Emerson and Winifred had a daughter, Helena, who became a professor of sociology, and a son William Jelliffe who worked on anatomy at the University of California. Winifred died in 1949 after which he married Eleanor Fish, with whom he had written a children's book Termite City (1937).

Emerson's collection of termites was donated to the American Museum of Natural History and contained about a million specimens of about 1745 species of termites.

In a posthumous biography of Emerson, Wilson and Michener (1982) stated:

"Until his death he was the leading authority on termites, a restless technical expert who contributed massively to their classification, anatomy, and biogeography.
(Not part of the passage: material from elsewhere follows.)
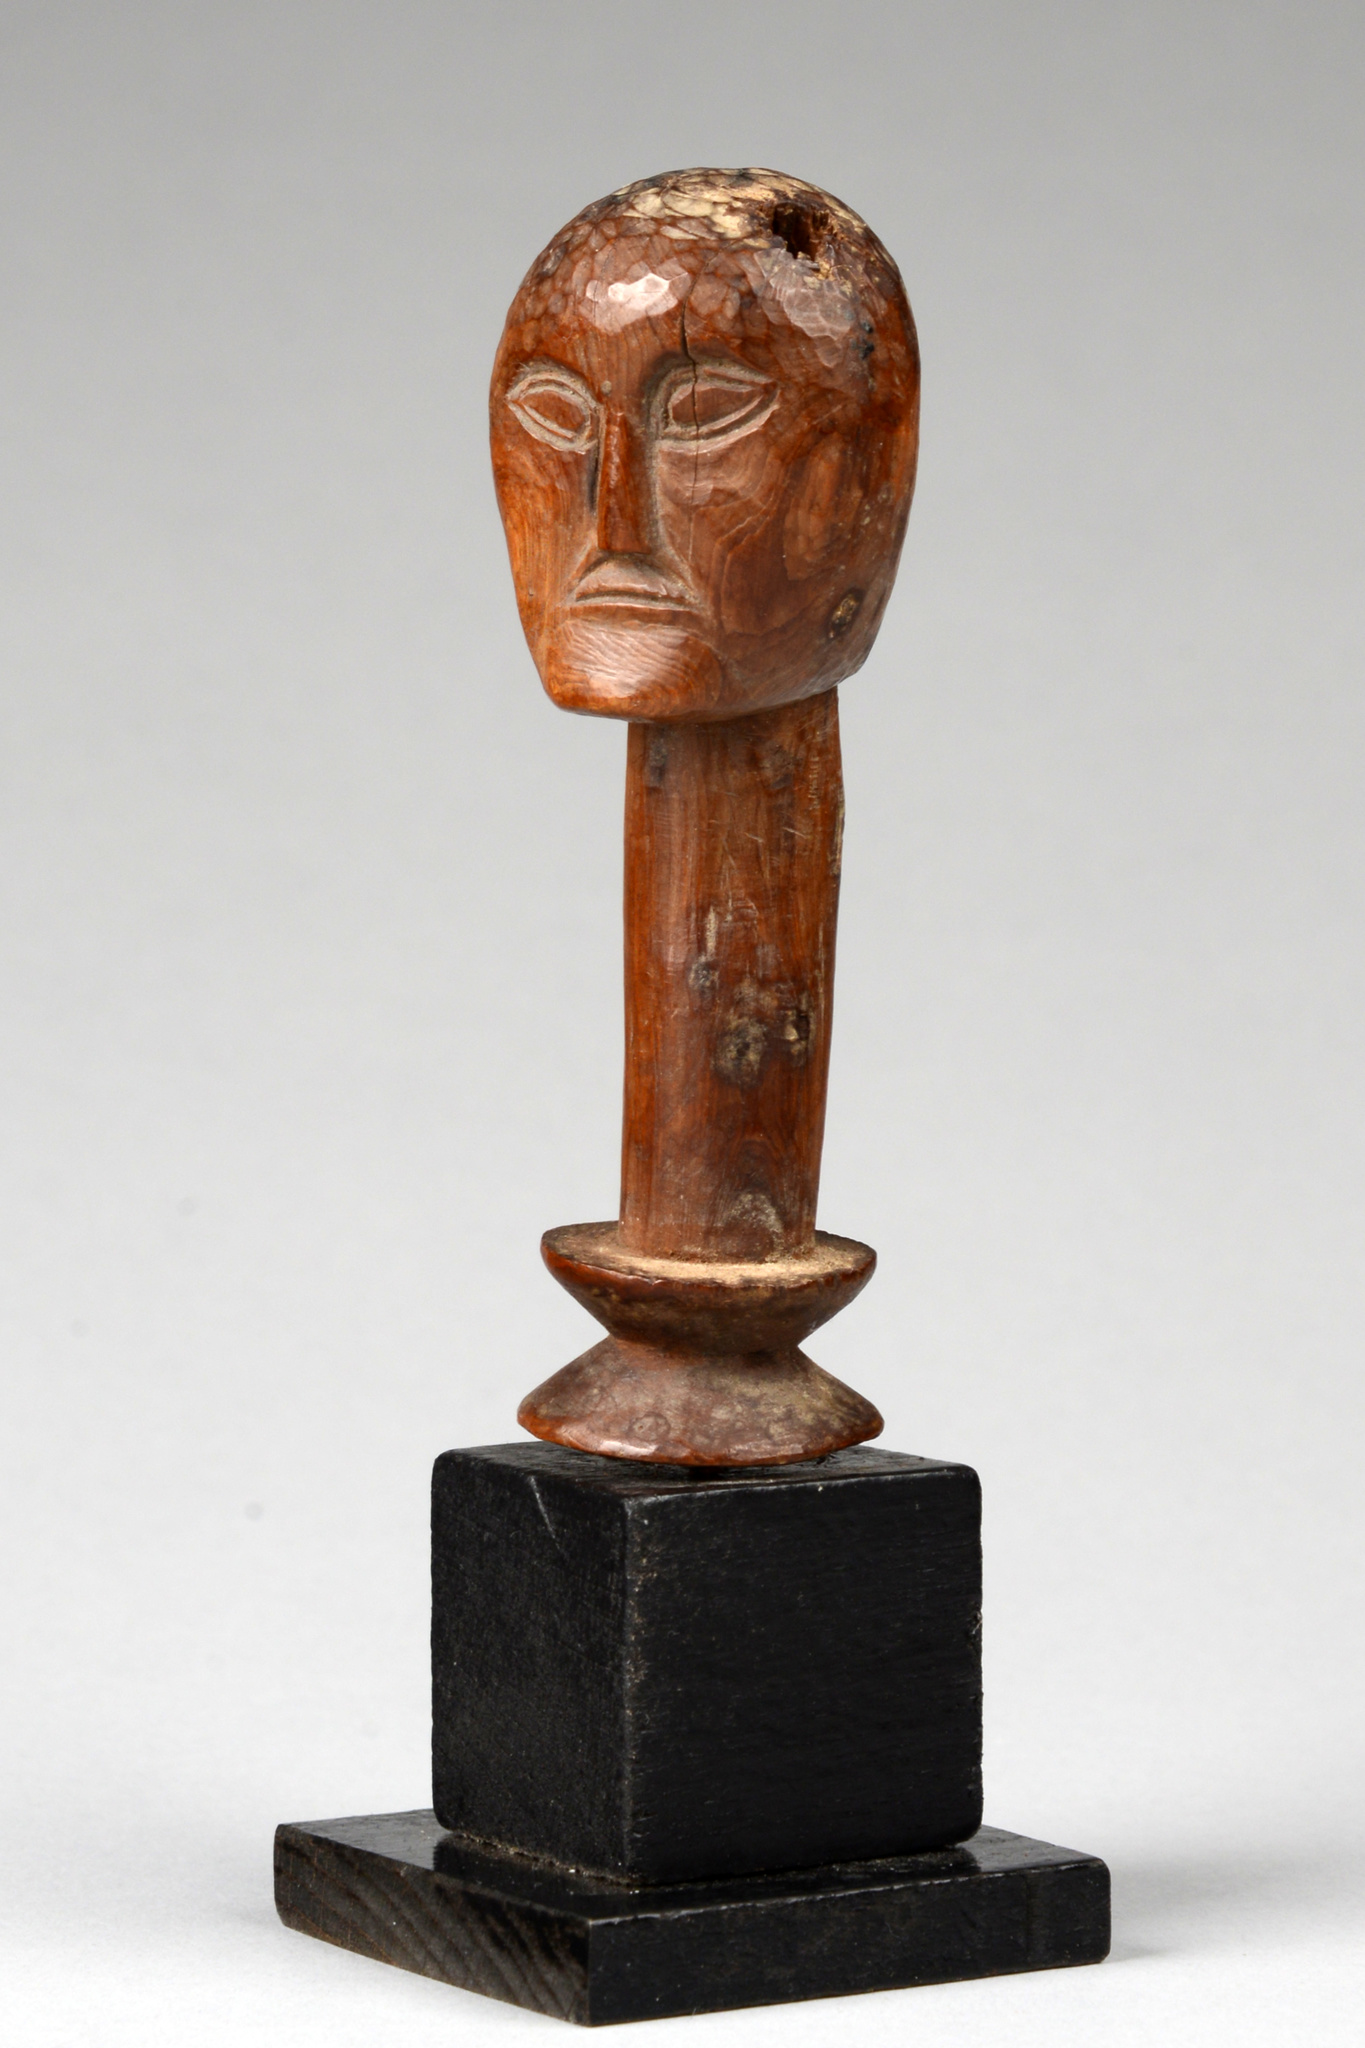 Anthropomorphic head sculpture

He was also an important contributor to modern ecology, one of the synthesizers of 1940s and 1950's who brought the large quantities of new data on adaptation, physiology, behavior, and distribution into line with the emerging principles."

Through his sister who lived in India, Emerson became a friend of the Indian prime minister Indira Gandhi and also collaborated with termite specialists at the Zoological Survey of India in Calcutta.

== Honors ==
Emerson was elected in 1926 a fellow of the American Association for the Advancement of Science and in 1937 a fellow of the Entomological Society of America.

== Publications ==
- 1925. Termites of the Belgian Congo and the Cameroon
- 1938. Termite nests--a study of the phylogeny of behavior
- 1939. "Social Coordination and the Superorganism" in: American Midland Naturalist. Vol. 21, No. 1 (Jan., 1939), pp. 182–209
- 1949. Principles of animal ecology. With W.C. Alice, O. Park, T. Park, and K.P. Schmidt. Philadelphia : Saunders.